If only she had been…
Now she noticed a flashlight beam and saw one of the captors returning. It was someone new, someone she had never seen before—neither the driver nor the guard from the Land Rover who had brought them here. He knelt before the sleeping pallet on which she was restrained and shined the flashlight up on his face so she could see him more clearly. He had moonstones for eyes and dirty blond hair. He was good-looking, but she would have thought he was drop-dead gorgeous if it didn’t appear as if his nose had been broken at some point and left twisted and bulbous. God, she thought, poor Billy’s nose might look like that someday.

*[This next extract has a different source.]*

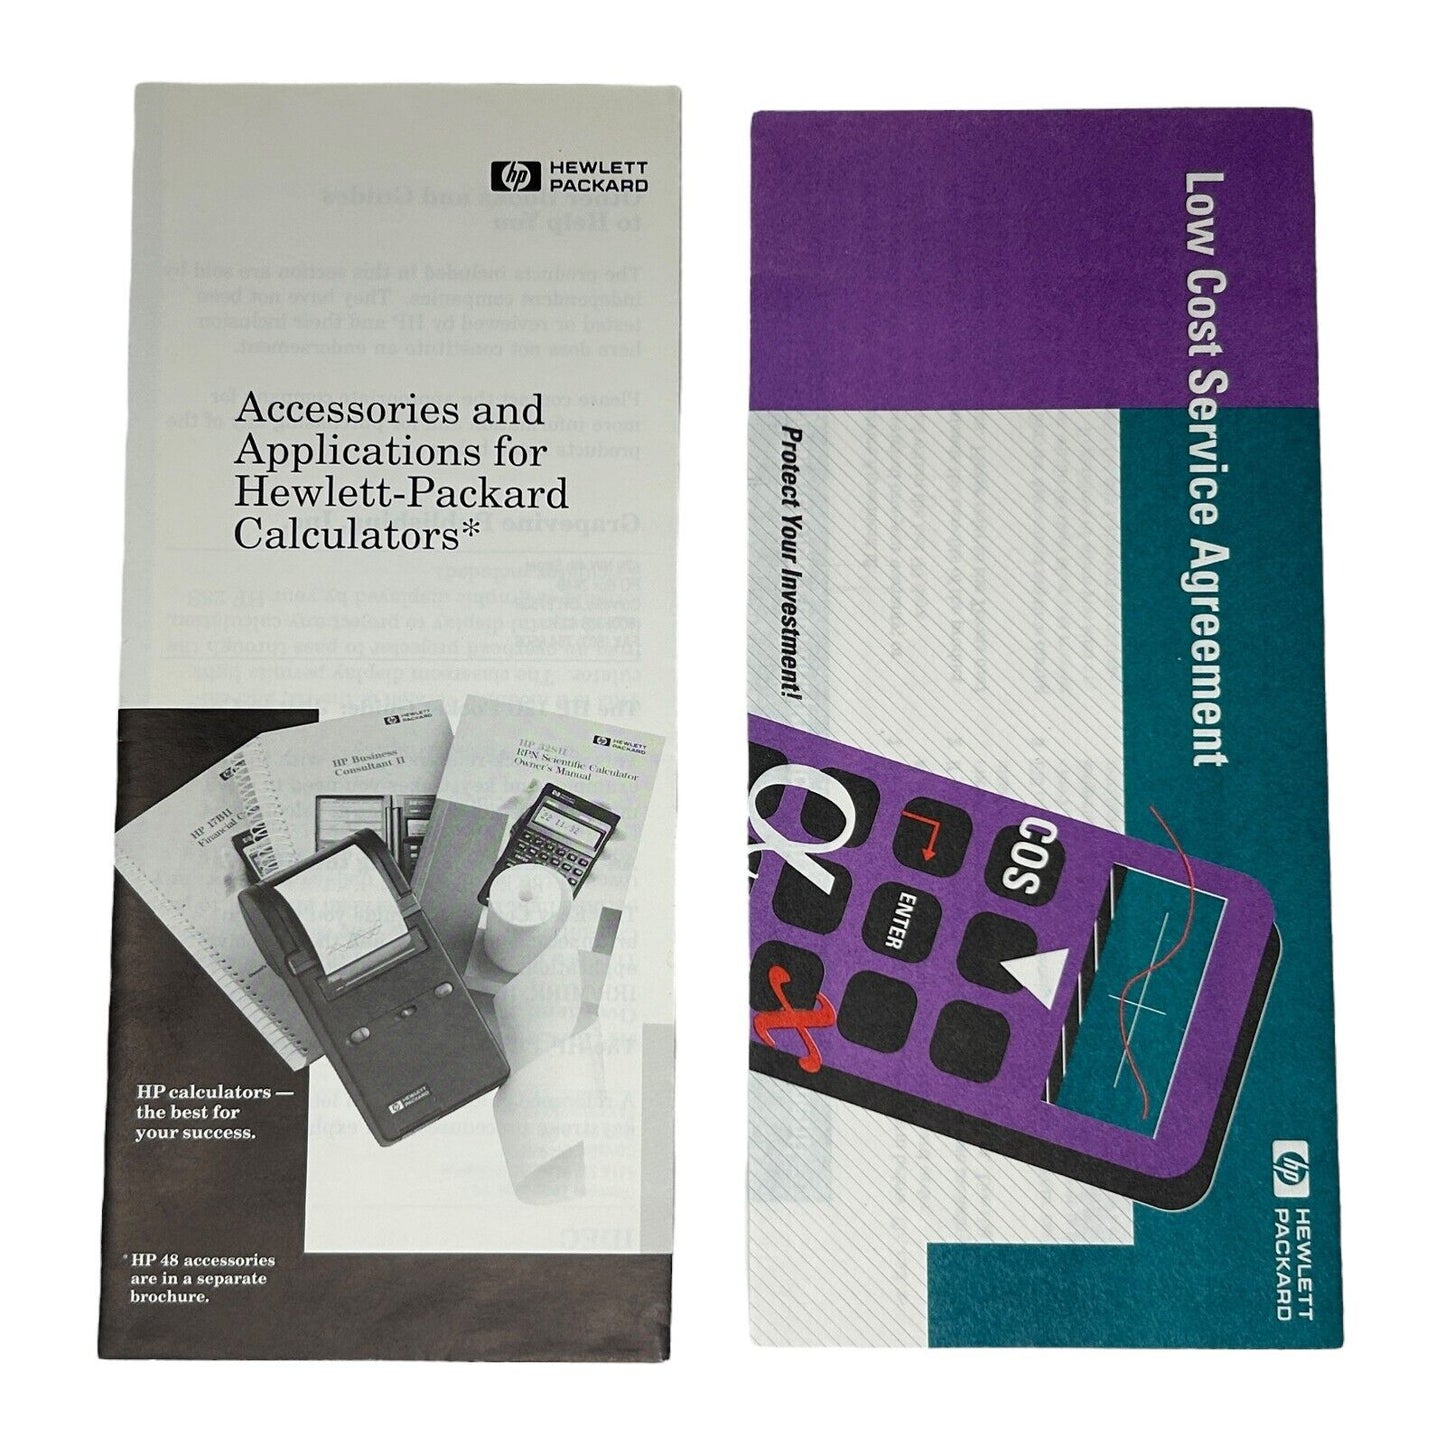 Hewlett Packard HP 17BII Financial Calculator Vintage 90s Complete Manual Case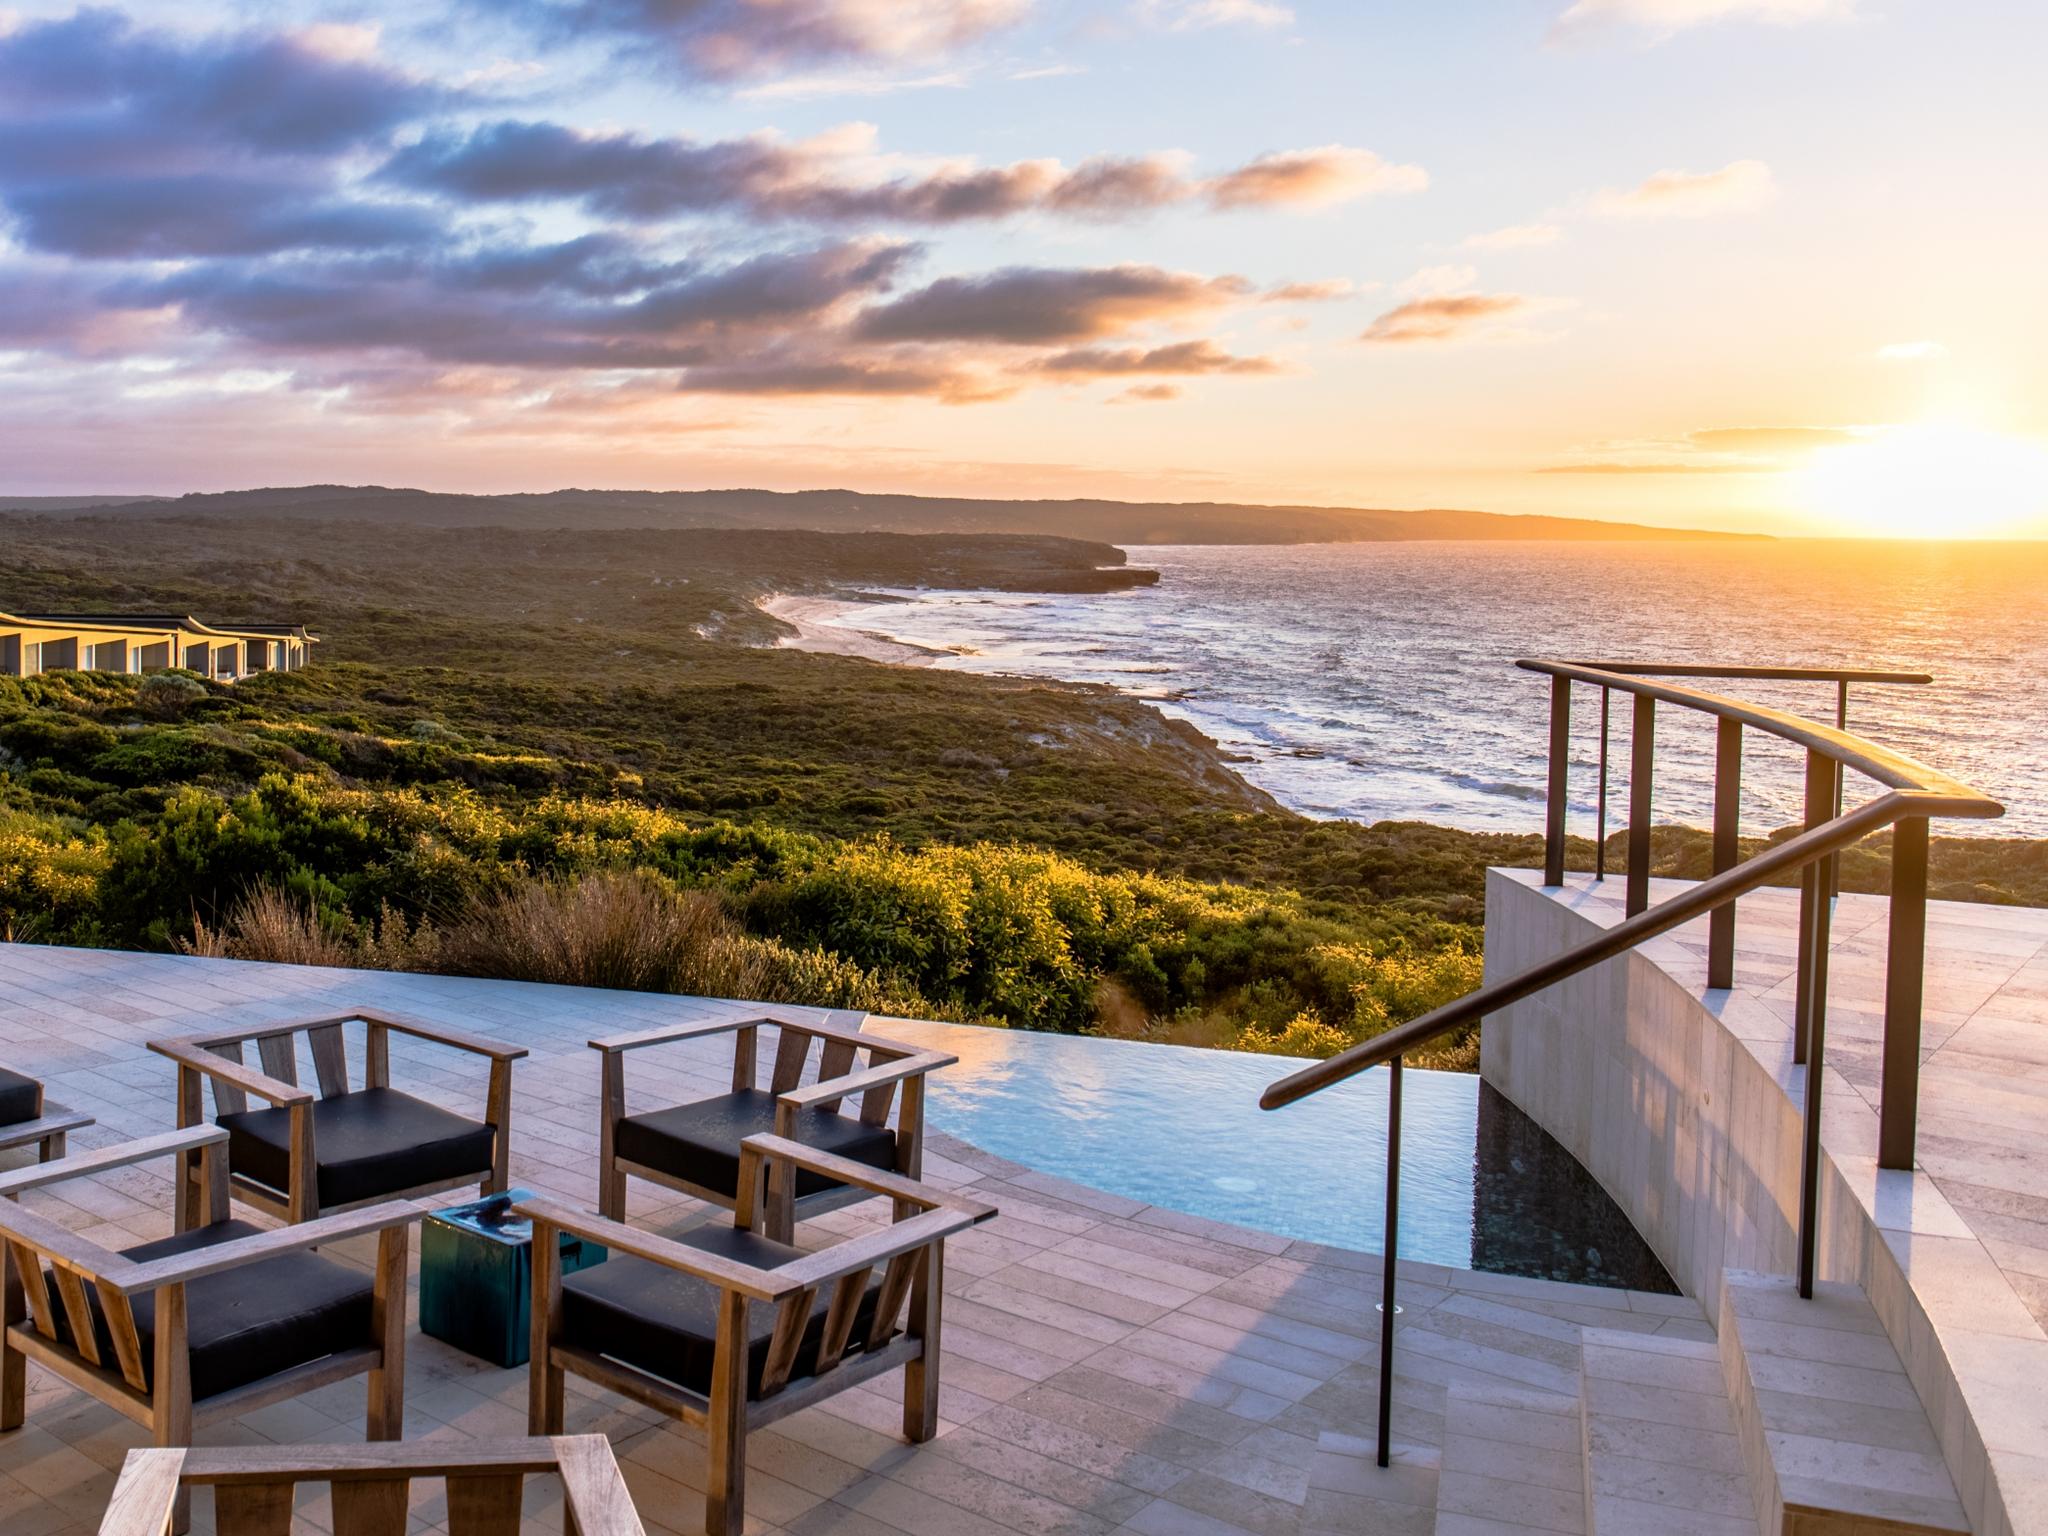 scenic view from the balcony of Southern Ocean Lodge, Kangaroo Island, Australia | Wedifys

“Good afternoon,” he said, his accent tinged with Russian. At one point, perhaps, an hour ago, she had heard men speaking outside the hut in Russian. He smiled at her. Then he put the handle of the flashlight in his mouth and shined it on her ankles as he unbound them from the post. He scooted forward and untied her hands the same way.
“That should feel better,” he said. He was, she suspected by his carriage, the group’s leader, though how many people he led, she couldn’t say. There had to have been at least eight to ten of them at the camp that morning: two or three for each Land Rover, and at least three or four more to supervise the porters as they ransacked the site. But there may have been others. She just had no idea.
But now she stretched her legs and rolled her wrists, and it felt good. She wondered whether she should only speak when spoken to. That was how she had viewed her first foray from the hut, a few hours ago, when she had been taken outside to relieve herself.
“How are you feeling?”
“I’m okay,” she said hesitantly.
“I gave your husband some aspirin. For his nose.”
“Thank you.”
“You’re pregnant, yes?”
“Yes.”
“One of my men told me. How many months?”
“Three.”
“The child making you sick?”
Child. It was a peculiar choice of word, and she attributed it to English being his second or third language. But was it really any stranger than the way she and Billy referred to their baby as the kid?
“No,” she said.
“Good. I’m untying you because I want you comfortable. More comfortable. But you can’t leave this hut unless we bring you outside. I hope you are all home soon, including your child.”
“So, this is a…a kidnapping?”
It was odd: now that the flashlight was pointed at the ground, she could barely see his face, and he could barely see hers.
“Yes, this is a kidnapping,” he replied, and there was a lightness to his voice. It was reminiscent of the way she had heard Billy laugh when he was confirming something for his little boy that was obvious to grown-ups. Yes, a starfish needs to be in the water to live. Yes, the sand does stick to our feet when we come out of the ocean. Yes, once upon a time you were as little as that baby. These were all things that Billy had said to Marc when they had been at the Santa Monica beach that summer.
“Are you…” she paused, worried that she shouldn’t be asking any more questions. Perhaps questions were like wishes in fairy tales and she’d been given her one and she’d used it. (No, that wasn’t right. If this were a fairy tale, which it sure as hell wasn’t, wouldn’t she have three?)
“Go ahead,” he said.
“Are you going to untie the others?”
“I untied your movie star friend.”
She knew that he was referring to Katie, not Terrance. A woman. She supposed that also meant the three men were still bound to the sleeping pallets. “Thank you for giving my husband some aspirin. Is he”—and, again, her voice wavered briefly—“in a lot of pain?”